In the hippies, Rand didn't even see hatred of the good; she saw, rather, nihilism - a departure from the whole process of celebrating the intellect or rational values. They might proclaim love for man but then turn around and declare that this means dropping out of capitalist society and living primitively, collectively. One could understand how, if the hippie generation looked to its intellectuals and educators for guidance and answers, they would find none, and give up. The real contempt Rand had here was for the intellectuals and educators who made the hippies, the nihilists and the haters possible.

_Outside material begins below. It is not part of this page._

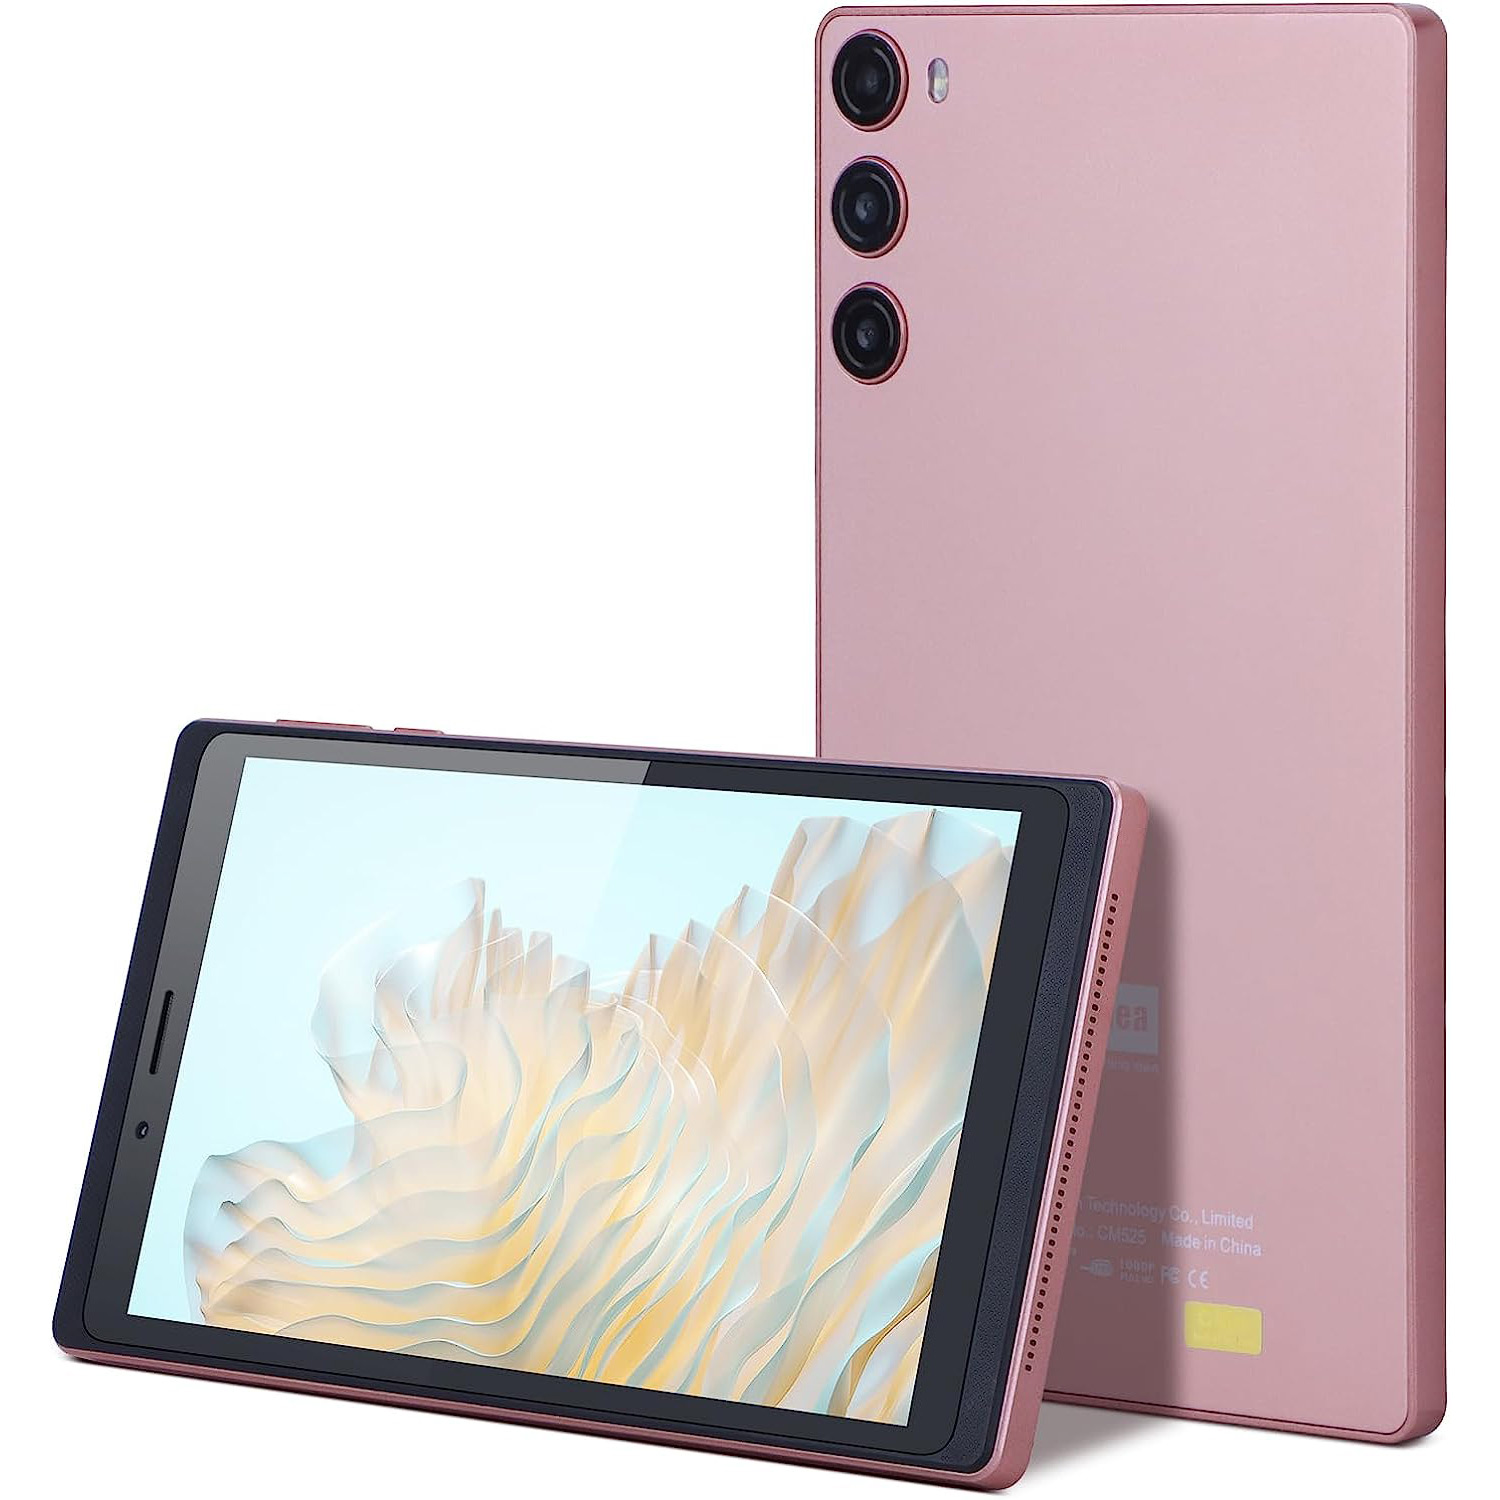 Discover Note 1 Smart Tablet – 4G Sim-Core 7 Pouces 16GB – Wi-Fi - BOUTIQUE  EN LIGNE
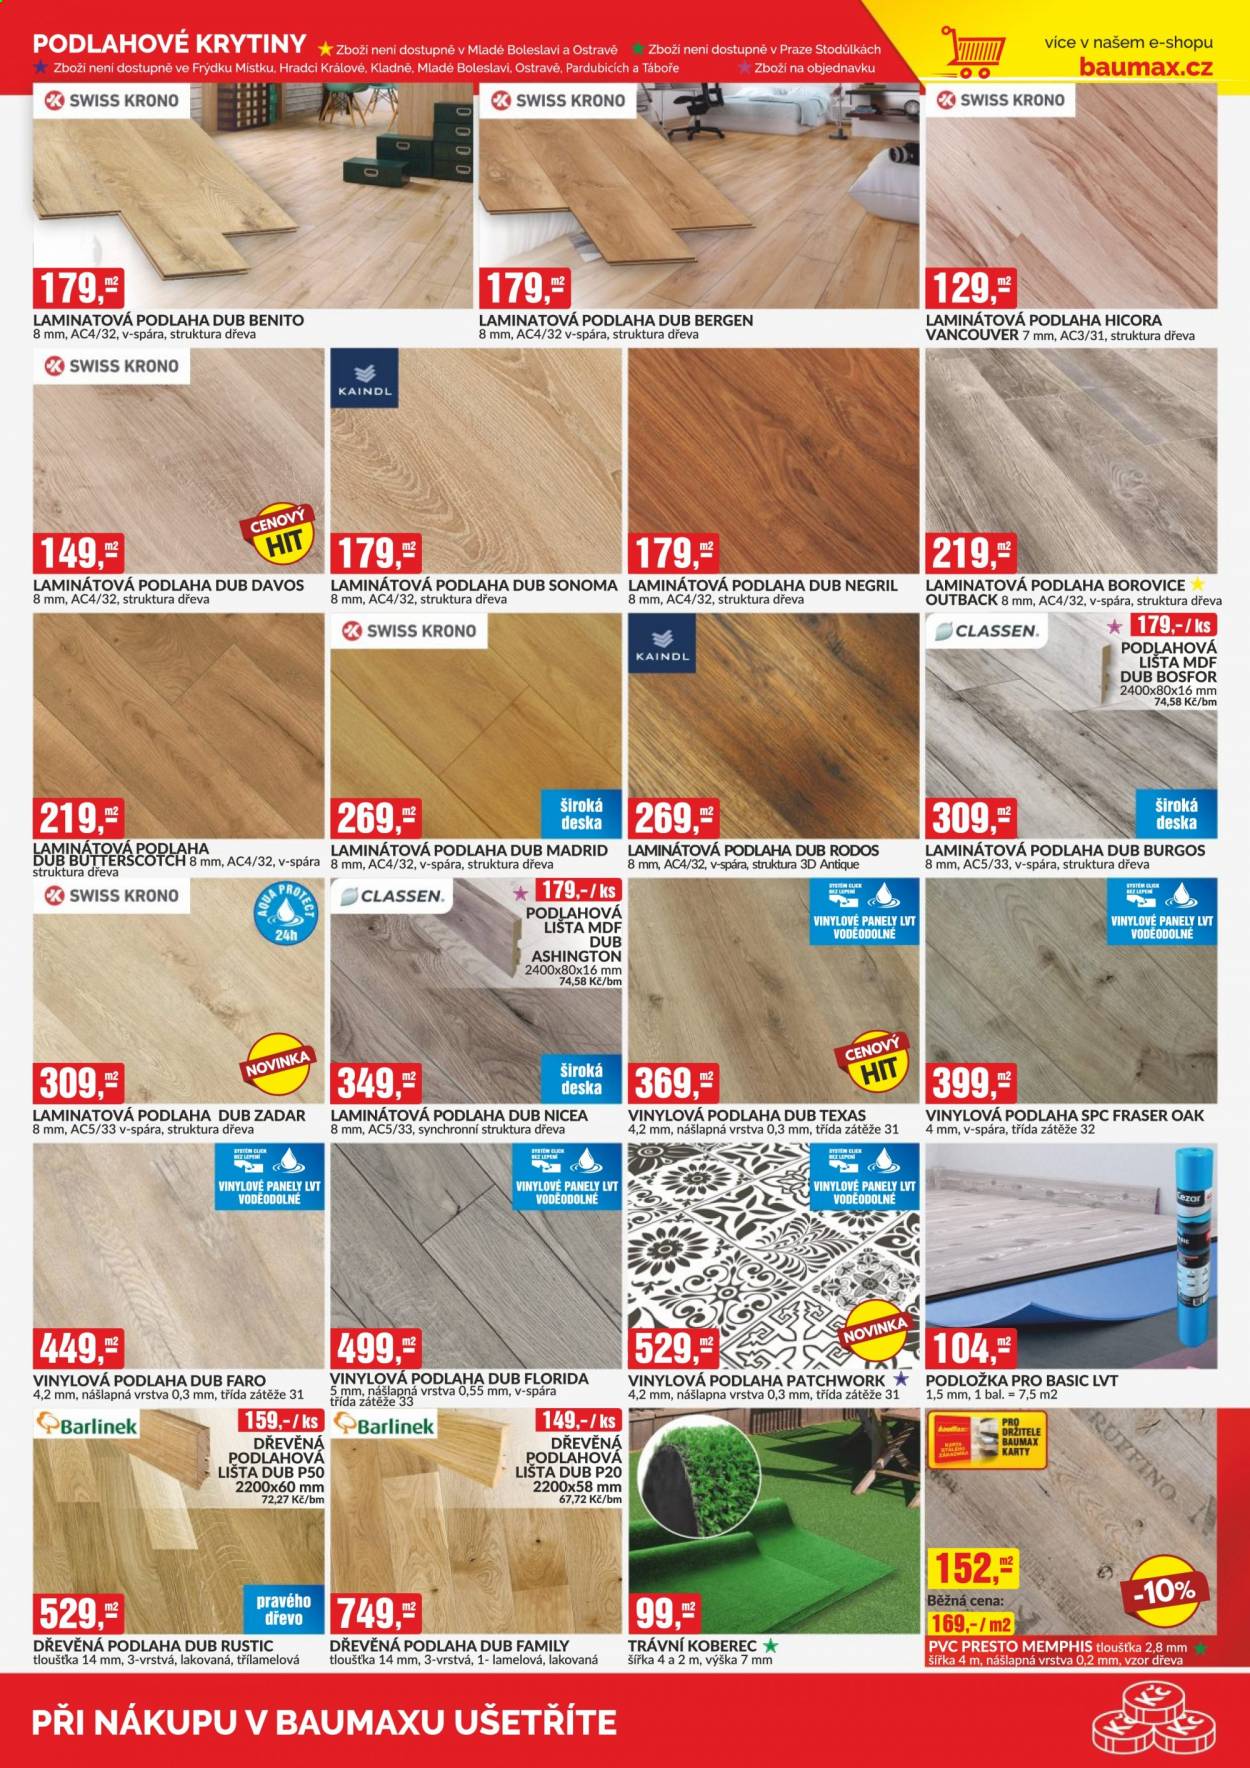 thumbnail - Leták Baumax - 1.3.2021 - 31.3.2021 - Produkty v akci - deska, podlahová lišta, podlahové krytiny, podlaha, dřevěná podlaha, vinylová podlaha, laminátová podlaha, podložka, travní koberec. Strana 13.

I would like at this point to point out the default of the liberal intelligentsia in the realm of ideas. Hundreds of thousands of liberal educators, and millions upon millions of liberally-educated Democrats, pose as defenders of reason. Comparably speaking, this might well be true if the alternative is the "conservatives" and their religionism. But that is not the only alternative, of course - which begs the question: Why have all these millions of liberals failed to take the Randian alternative seriously? Since we are talking about a massive number of people, the reasons and explanations can vary widely, but what might some of them be? Here's one explanation: cowardice - cowardice as a product of a social-metaphysical fear of being marginalized by those whose minds they respect. They look at the intelligentsia - people who have studied ideas over a lifetime - and see that the intelligentsia must be right for ignoring Rand, whatever their own rational judgment might have told them. This cowardice, by the way, is a ruling feature of any politicized environment - as the academy surely is, not only in terms of inter-academy politics, but in terms of a general alignment with the political Left: in many instances (i.e., the public schools), academic sustenance depends on Democrat politicians being elected. And here we are back at the theme of "The Comprachicos" - the public schools' indoctrination of students along democratic-socialist lines.

In any case, whatever the reasons or causes in any given instance, the "intellectual class" in this country has failed in its responsibilities. Justice demands that we not reward and subsidize failure. We need an entire overhaul of our educational establishment. We need to undermine it as best we can, in every way we can, from the outside. We need to make it known just what happens when politicized, anti-individualist, anti-capitalist institutions take hold. The intellectual salvation the well-meaning liberals sought - a defense of reason all the way up to a solution to the problem of universals - was there in Rand the whole time, but politics got in the way. Well-meaning liberals who are not philosophers or particularly intellectual themselves might well not even know the issue; they figure that the professionals had it well in hand on who and what to study; they might not even know that the battle ultimately lies not in politics but in the realm of the mind.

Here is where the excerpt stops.